Но решение было принято не сразу, Коллегией иностранных дел велась переписка, приходили донесения. Тогда-то Фрелон, потратив сперва на подкуп немалые деньги, и обнажил свой длинный клинок, чтобы окончательно оправдать прозвище Шершня.
Столичная полиция, подняв несколько трупов и обнаружив кое-что общее меж ними – причастность к Коллегии иностранных дел, засучила рукава, привлекла самых разумных своих служащих, и от одной облавы французы ушли с большим трудом. У Фрелона хватило наглости привлечь к себе внимание и показать полицейским совершенно акробатический трюк с перелетом через забор. Агенты «королевского секрета» потеряли всего одного человека – будь он ранен, унесли бы с собой, а с покойником что возиться? Оставив генерал-полицмейстеру Чичерину и Тайной экспедиции совершенно им не нужного покойника, Фрелон, Фурье и Жак Демонжо скрылись и затаились.
– Мы можем дождаться его на Исакиевской улице, у куракинского особняка, – сказал Фурье. – Возьмем экипаж и посмотрим, где этот господин собрался ужинать. Он уже три или четыре дня ужинает дома – это подозрительно. Сегодня наверняка выберется в свет.
Куракинским особняком он, как многие петербуржцы, по привычке называл здание Коллегии, не так уж давно взятое в казну.
– Если это открытый дом, мы могли бы туда пойти за ним следом, – сразу сообразил Фрелон. – Надо велеть Асмодею проветрить наши кафтаны. Если они тут отсыреют и наберутся тухлого запаха, это будет ужасно.
Открытых домов в столице имелось немало – чтобы заявиться на ужин, довольно было носить шпагу на боку в подтверждение своего дворянского звания.
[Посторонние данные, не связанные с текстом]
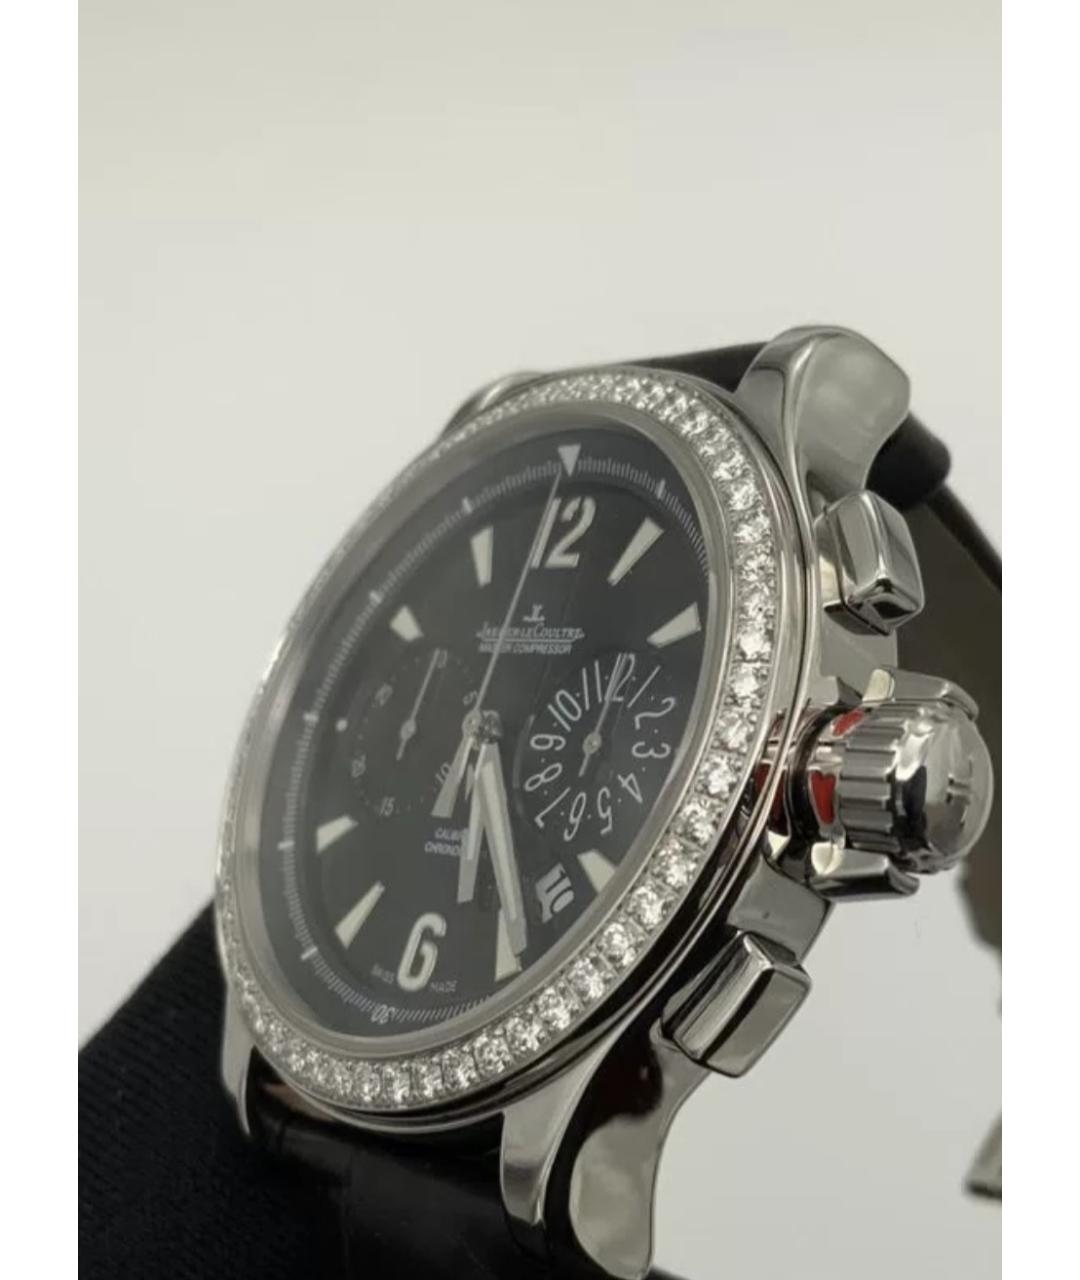 Jaeger LeCoultre Черные часы, фото 3

Никто из слуг не посмел бы спросить имя у гостя со шпагой – эта блажь русских вельмож, возможно, не одного отставного инвалида и не одного нищего стихоплета спасла от голодной смерти.
– Будем уезжать – выбросим их ко всем чертям, – хмуро сказал Фурье. – Я, кажется, вернувшись, год пролежу голый на набережной Марселя, чтобы наконец-то согреться.
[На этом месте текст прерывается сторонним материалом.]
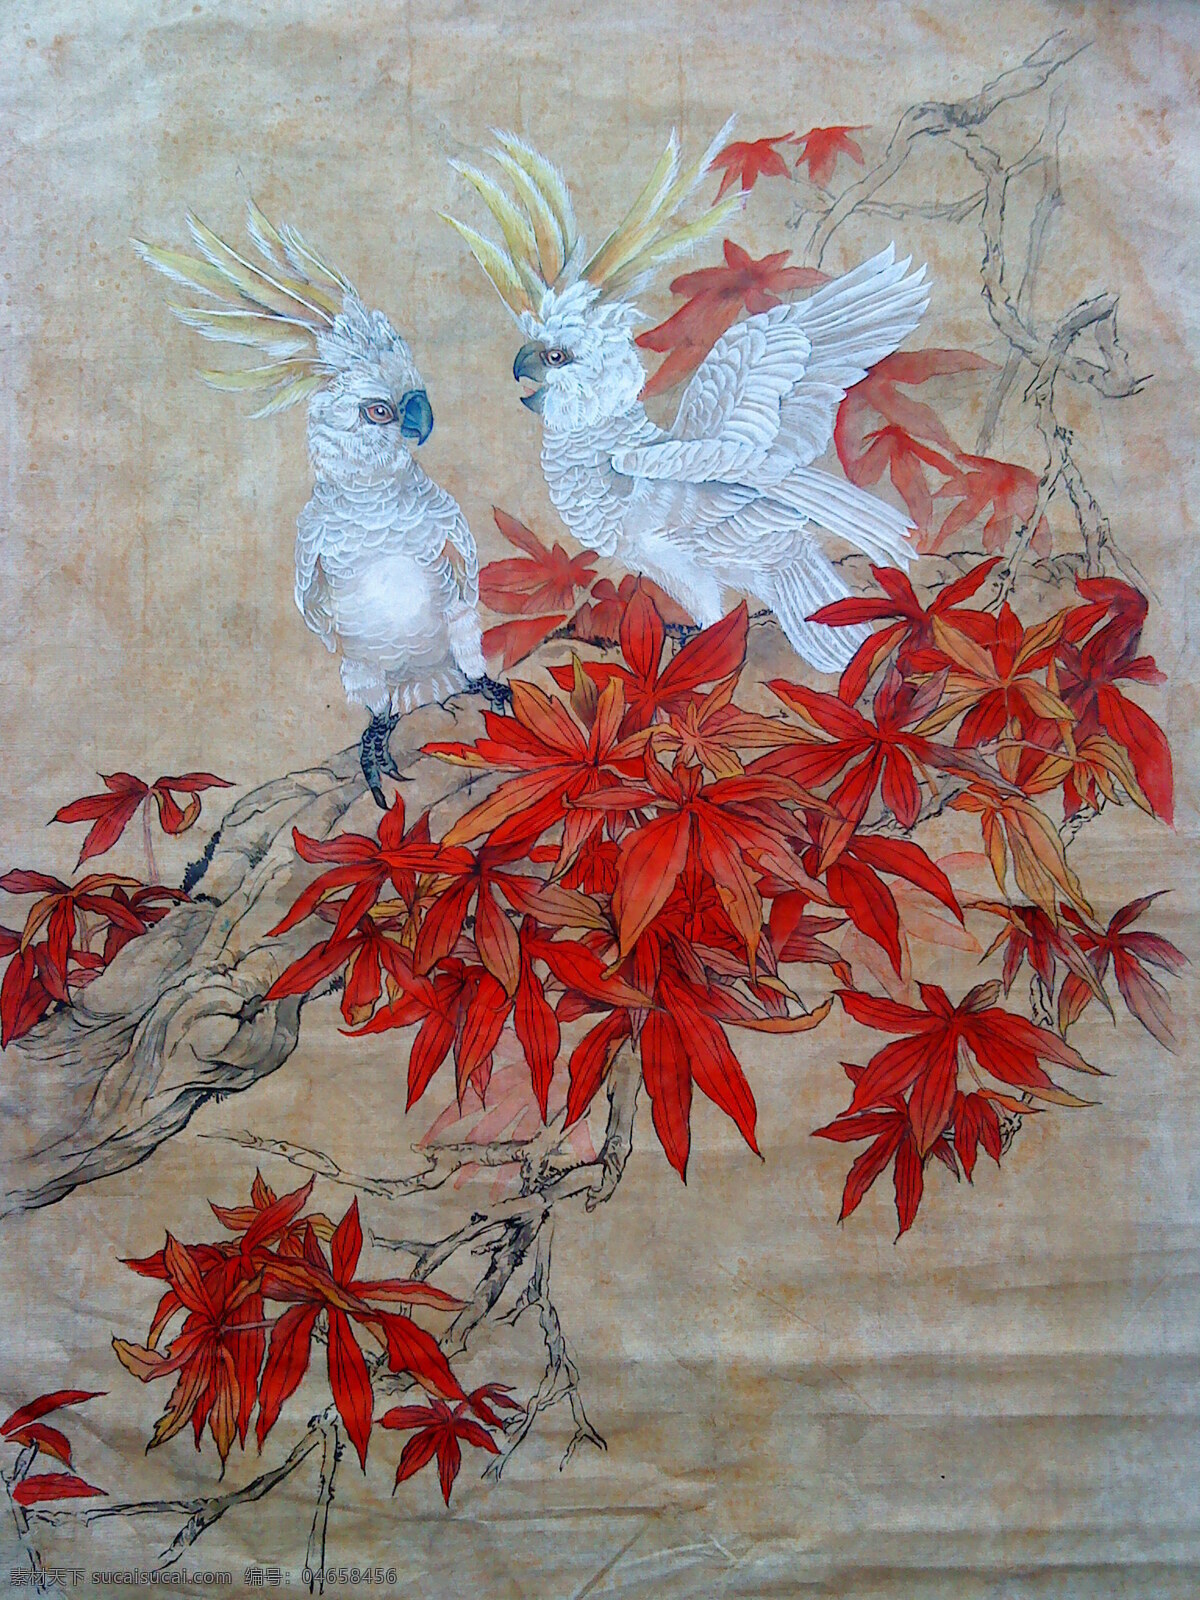 鹦鹉 工笔画 红叶 枫叶 绘画书法 文化艺术

– Говорят, их императрица сказала замечательную остроту: в России две зимы, девять месяцев белая и три месяца зеленая, – усмехнулся Фрелон.
Он был в том смутном состоянии, когда ремесло, доставлявшее радость много лет, надоело безмерно и возникает вопрос: а не прожита ли жизнь напрасно? И как распорядиться оставшимися годами, чтобы утешиться?
Ему нравилось ремесло агента «королевского секрета», его развлекало положение человека, стоящего за кулисами событий и дергающего за ниточки, чтобы марионетки шевелились, танцевали и дрались. Но все чаще приходило на ум, что он сам-то – именно ниточка, незримая связь между рукой парижского кукловода и российскими делами. Он, умный и ловкий, отличный исполнитель поручений, не знающий страха, считающий себя лучшей шпагой Санкт-Петербурга, – незримая ниточка… а ради чего, позвольте спросить?.. ради того, чтобы путаница во французской иностранной политике, путаница, которую он отлично видел, к которой сам руку приложил, еще более усугубилась?
Мужчина должен видеть результат своего труда и радоваться ему. Фрелон перестал понимать, в чем результат его бессонных ночей, безупречных ударов его клинка и тех донесений, которые он слал в Париж. Радость, приносимая удачами, каждой по отдельности, осталась в прошлом – ушла вместе с молодостью.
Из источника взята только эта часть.